但是这个值如果不够大的话,也会导致采样比例过低,数据统计不准确。

直方图测试

  1. # 数据及查询条件说明

  2. mysql> select city.name, countrylanguage.language from city join countrylanguage using(countrycode) where population>10000000;

  3. +-----------------+-----------+

  4. | name | language |

  5. +-----------------+-----------+

  6. | Mumbai (Bombay) | Asami |

  7. | Mumbai (Bombay) | Bengali |

  8. | Mumbai (Bombay) | Gujarati |

  9. | Mumbai (Bombay) | Hindi |

  10. | Mumbai (Bombay) | Kannada |

  11. | Mumbai (Bombay) | Malajalam |

  12. | Mumbai (Bombay) | Marathi |

  13. | Mumbai (Bombay) | Orija |

  14. | Mumbai (Bombay) | Punjabi |

  15. | Mumbai (Bombay) | Tamil |

  16. | Mumbai (Bombay) | Telugu |

  17. | Mumbai (Bombay) | Urdu |

  18. +-----------------+-----------+

  19. 12 rows in set (0.04 sec)


  20. mysql> show create table city\G

  21. *************************** 1. row ***************************

  22. Table: city

  23. Create Table: CREATE TABLE `city` (

  24. `ID` int NOT NULL AUTO_INCREMENT,

  25. `Name` char(35) NOT NULL DEFAULT '',

  26. `CountryCode` char(3) NOT NULL DEFAULT '',

  27. `District` char(20) NOT NULL DEFAULT '',

  28. `Population` int NOT NULL DEFAULT '0',

  29. PRIMARY KEY (`ID`),

  30. KEY `CountryCode` (`CountryCode`),

  31. CONSTRAINT `city_ibfk_1` FOREIGN KEY (`CountryCode`) REFERENCES `country` (`Code`)

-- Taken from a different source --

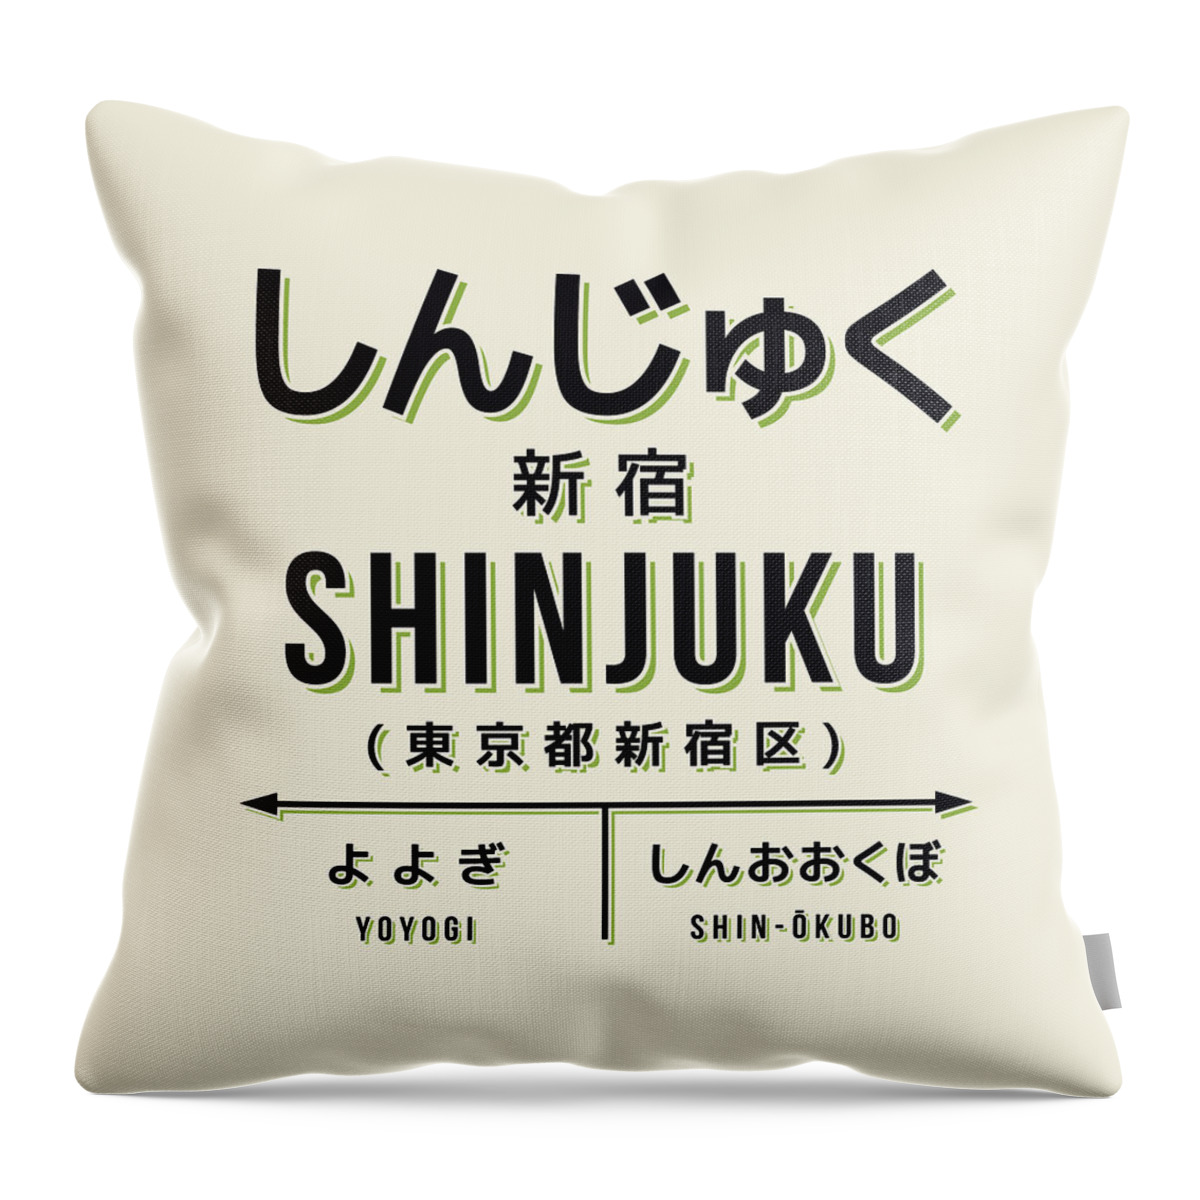 Japan Throw Pillow featuring the digital art Vintage Japan Train Station Sign - Shinjuku Cream by Organic Synthesis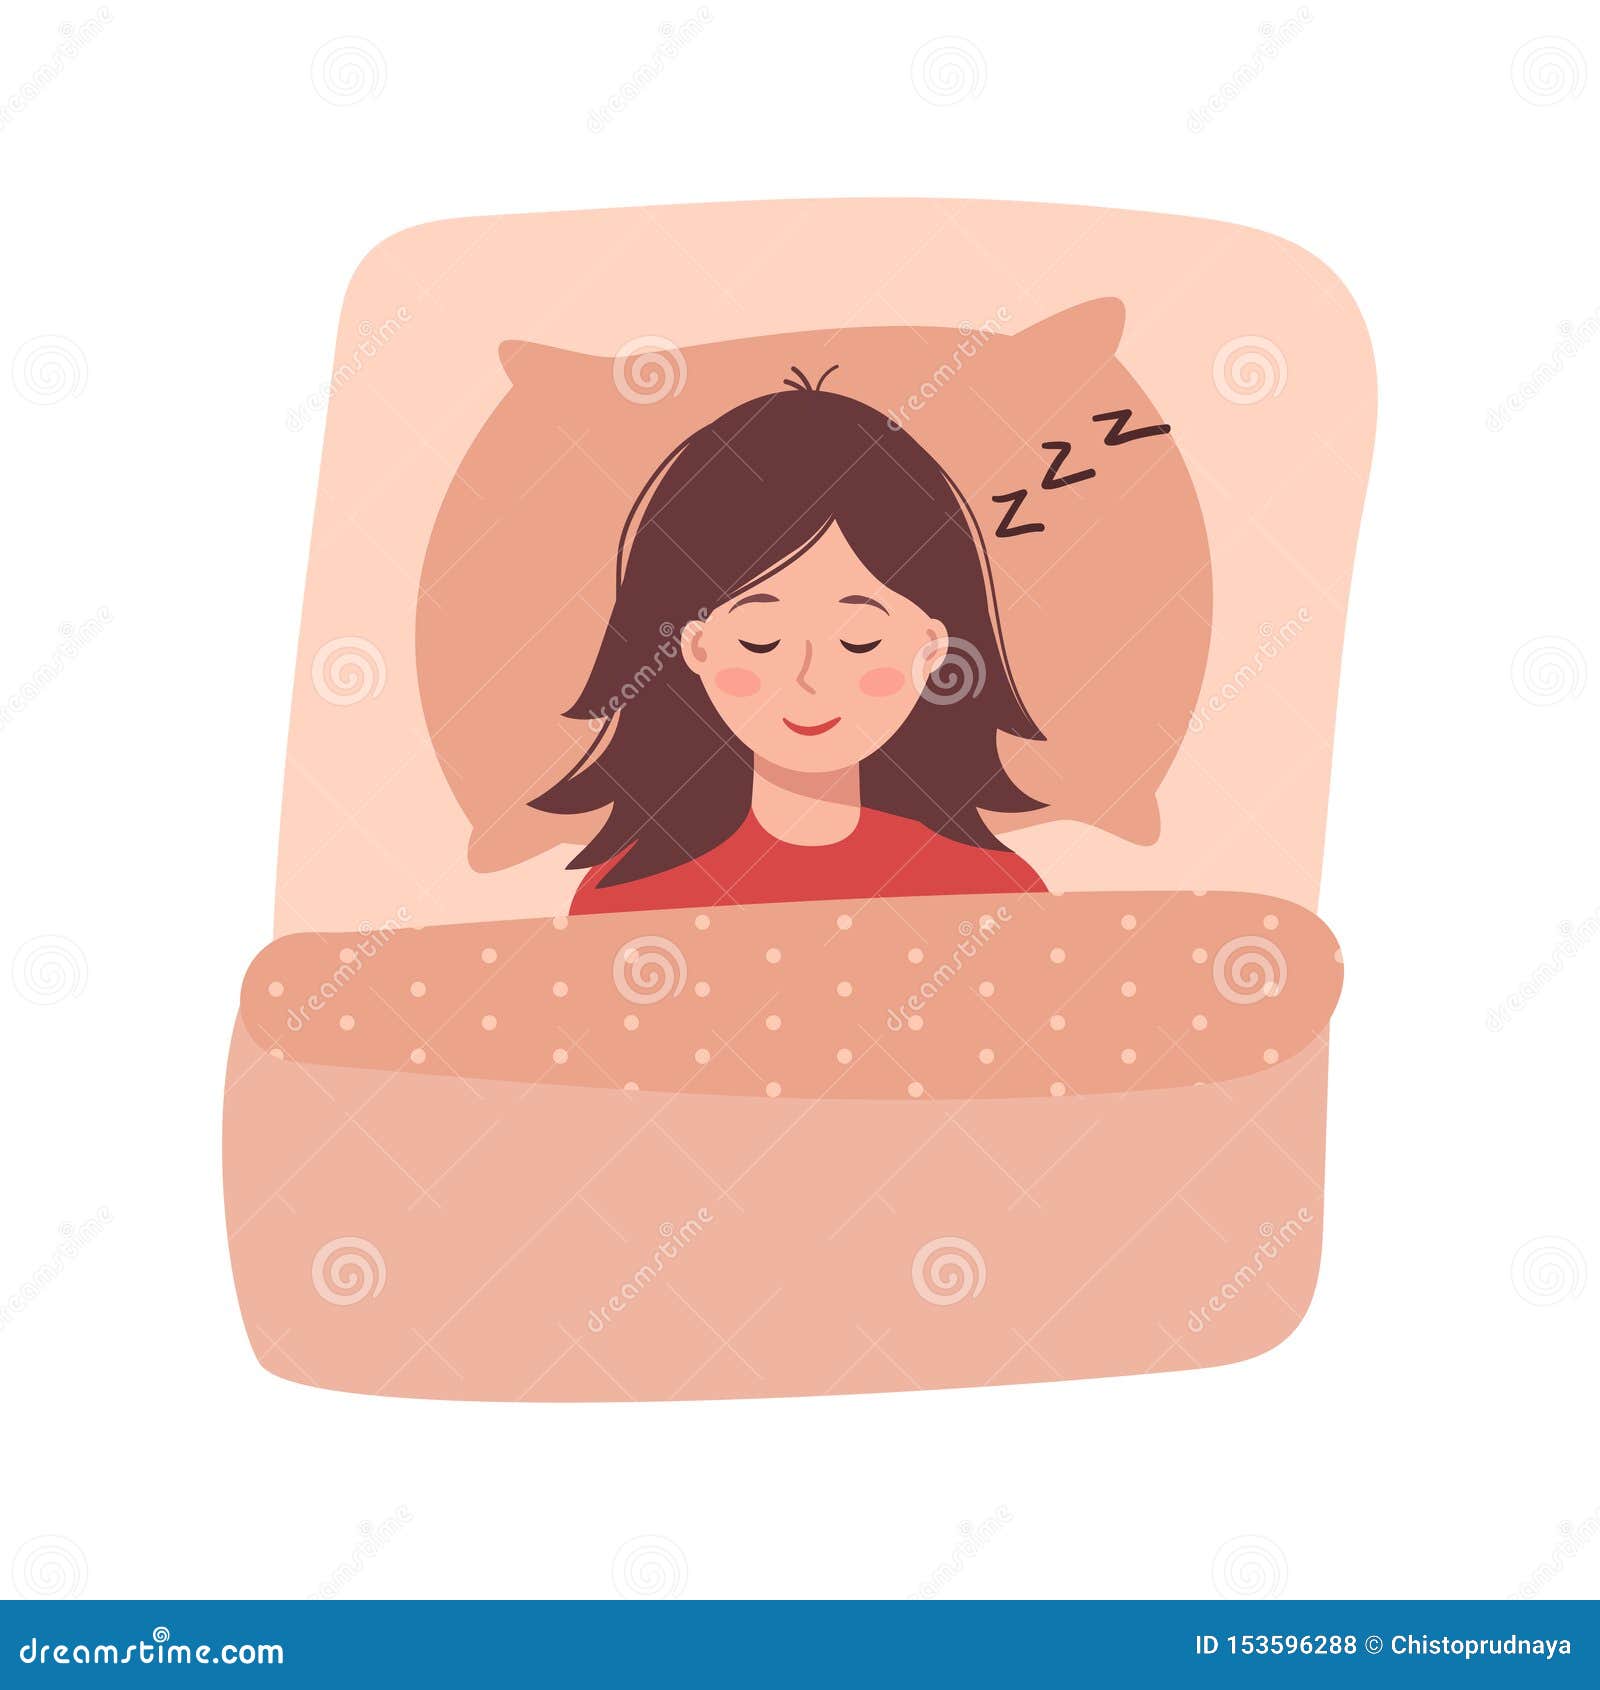 Sleeping baby girl stock vector. Illustration of cartoon - 153596288

  32. ) ENGINE=InnoDB AUTO_INCREMENT=4080 DEFAULT CHARSET=latin1

  33. 1 row in set (0.00 sec)


  34. mysql> show create table countrylanguage\G

  35. *************************** 1. row ***************************

  36. Table: countrylanguage

  37. Create Table: CREATE TABLE `countrylanguage` (

  38. `CountryCode` char(3) NOT NULL DEFAULT '',

  39. `Language` char(30) NOT NULL DEFAULT '',

  40. `IsOfficial` enum('T','F') NOT NULL DEFAULT 'F',

  41. `Percentage` float(4,1) NOT NULL DEFAULT '0.0',

  42. PRIMARY KEY (`CountryCode`,`Language`),

  43. KEY `CountryCode` (`CountryCode`),

  44. CONSTRAINT `countryLanguage_ibfk_1` FOREIGN KEY (`CountryCode`) REFERENCES `country` (`Code`)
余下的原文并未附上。